Baser instincts

“It is anchorman, not anchorlady. And that is a scientific fact.”

“It is anchorman, not anchorlady. And that is a scientific fact.”

Rated 4.0

Jake Gyllenhaal is the very definition of serpentine in Nightcrawler, a scathing look at TV news and the lengths producers and stringers will go to for ratings and a payday.

Stealing wire fences and manhole covers for a living and desperate for some real work, Louis Bloom (Gyllenhaal) happens upon a car accident where an invasive cameraman is filming bloody footage for a quick buck. Bloom, an isolated man who spends his days studying like mad on the internet, pawns a stolen bike, gets himself a crappy video camera and scanner, and thrusts himself into the business of crime footage videography.

He starts small, grabbing footage at auto wrecks and butting heads with Joe Loder (Bill Paxton), a seasoned videographer who doesn’t like newbies treading on his territory. Louis eventually finds himself in the presence of Nina (Rene Russo), a bloodthirsty TV news producer struggling to find her way on a low-rated station. She pays Louis a couple hundred bucks for his bloody footage. Against the wishes of her co-producers, Nina leads with Bloom’s video on the morning news, and an unholy alliance begins.

Bloom hires an assistant in Rick (Riz Ahmed of Four Lions), who clumsily navigates as they race through the streets of Los Angeles looking for carnage. Things escalate from filming car crashes and fires to filming shootings and other crime scenes. When things start to slow down, Louis becomes unrelenting in his attempts to find stories. In short, there is nothing he won’t do to get ahead and get the footage. Nothing.
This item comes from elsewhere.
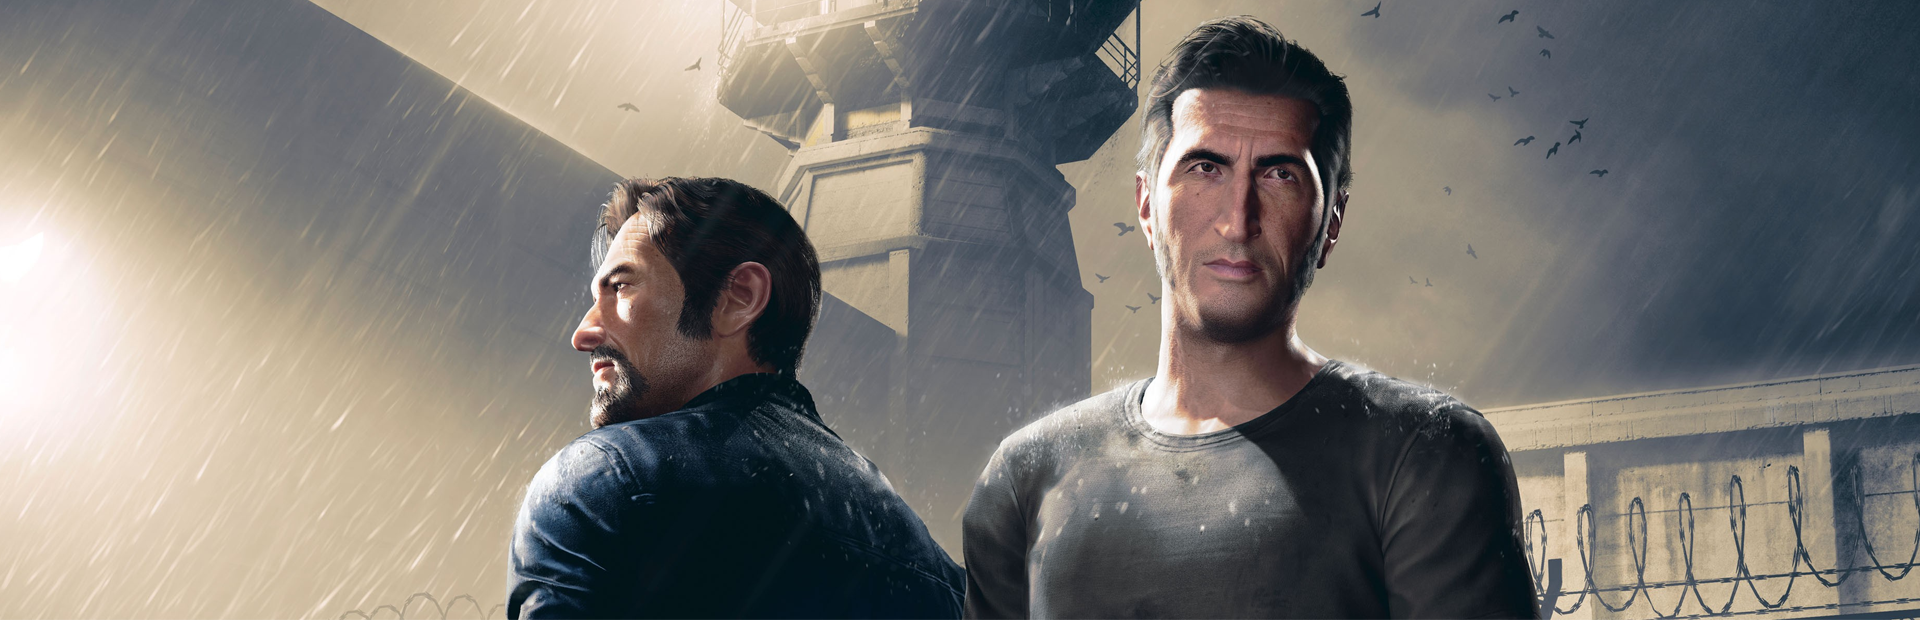 A way out Лео. A way out ps4. A way out персонажи. Away out игра. Say out game

He’ll move bodies to frame a better shot. He’ll withhold footage from the cops after entering a residence to film murder victims. And none of these actions even compares to what he will do in the event that an employee tries to negotiate for a raise. He’s a far cry from the puzzle solving, earnest news investigator Gyllenhaal played in Zodiac. He represents the complete degradation of media into something beneath sensationalistic into something that is pure evil.

Russo’s Nina is, in many ways, as psychotic as Louis. On the tail end of fledgling career, she is reckless, encouraging Louis to dig deeper and pushing him into more deranged territories. Russo hasn’t been this good in years.

Paxton, who used to specialize in wild man, gritty roles before Twister and Titanic, relishes the chance to get down and dirty again. He only has a few scenes in the film, but those scenes are true standouts. Ahmed gives the sidekick role plenty of dimensions. He gets the laughs when they are supposed to come, but he also manages to create a frightening tension in his showdowns with Gyllenhaal.

This is the directorial debut of Dan Gilroy, who also penned the screenplay. Gilroy clearly doesn’t have a positive opinion of the broadcast news machine. The folks putting together the news in this movie are something akin to cannibals and vampires waiting in the dark for a vein to be severed. Louis is a genuine movie monster.

Gyllenhaal lost a bunch of weight to play the greasy Louis, and he achieves a physical creepiness to go with his character’s infected soul. Louis is darkly funny, especially when he berates Rick or blackmails Nina. He’s also sinister and deeply scary in a very Travis Bickle/Taxi Driver sort of way. Gyllenhaal is excellent here, his second great 2014 performance after playing twins in Enemy. The guy is really stretching out.

According to Nightcrawler, gone are the days of dignified anchormen and heroic news gatherers. The tie-wearing talking heads and scrappy field reporters have been replaced by bloodsuckers and sycophants, with the likes of Louis Bloom leading the sick charge. The baser instincts that may’ve been a small part of an intrepid news reporter’s makeup have taken over and, unfortunately, they appear to be delivering what the people want.